5.         Termination.      Aside from the right to terminate the agreement in the event of an uncured material breach, licensors chose licensed property consists of consumer-facing brands need to have the ability to get out of a license arrangement in the event of a negative public relations incident involving the licensee, the licensed products or anything else that could taint the licensor’s brand.  

Licensor may terminate this Agreement following 10  days written notice to Licensee and the opportunity to cure (if curable) if the Licensed Products, Licensee’s use of Licensor’s Marks, or Licensee’s acts or omissions may damage the goodwill and/or reputation of Licensor or Licensor’s Marks, as determined in Licensor’s sole discretion.

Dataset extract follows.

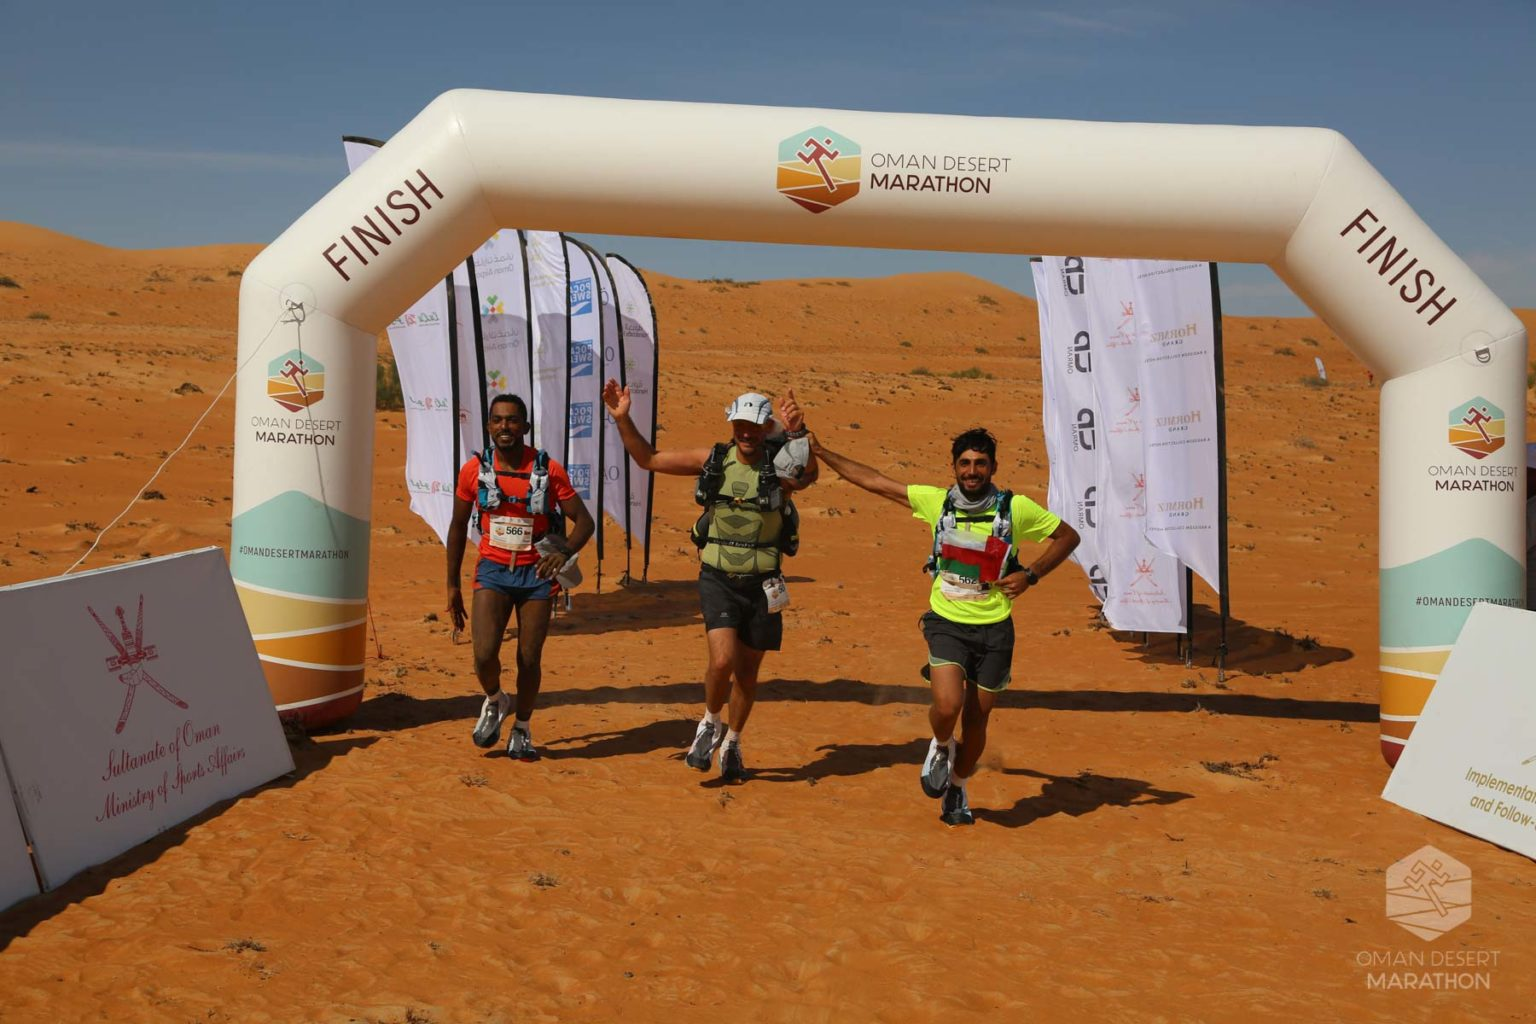 ICARUS Sports Partners with Oman Desert Marathon

6.         Avoid Liability for False Endorsements. Celebrity licensors are routinely asked to promote, market and support the sale of the licensed product.  In such situations, counsel for the licensors should require prior approval over all forms of advertising and promotion, including social media activities (tweets, Facebook posts, blog posts, etc.).  Counsel should specifically be on the lookout for claims or statements the licensee wants the licensor to make that push the bounds of truthfulness.  Statements by the licensor that he/she uses the licensed product when in fact he/she doesn’t or that the licensor experienced certain results when he/she didn’t, will subject both the licensee and licensor to liability.  Additionally, requiring the licensor to promote the licensed product during personal appearances (i.e., talk show appearances) or in social media without a disclosure of the relationship between the licensor and licensee may also be problematic for both licensor and licensee.  Where I represent a celebrity in those circumstances (and also in sponsorship or endorsement engagements) I always require the licensee warrant that they will comply with the FTC “Guides Concerning the Use of Endorsement and Testimonials in Advertising.”

Each licensing transaction presents its own facts and circumstances and there are numerous other terms and provisions that can be used to protect a licensor’s best interest.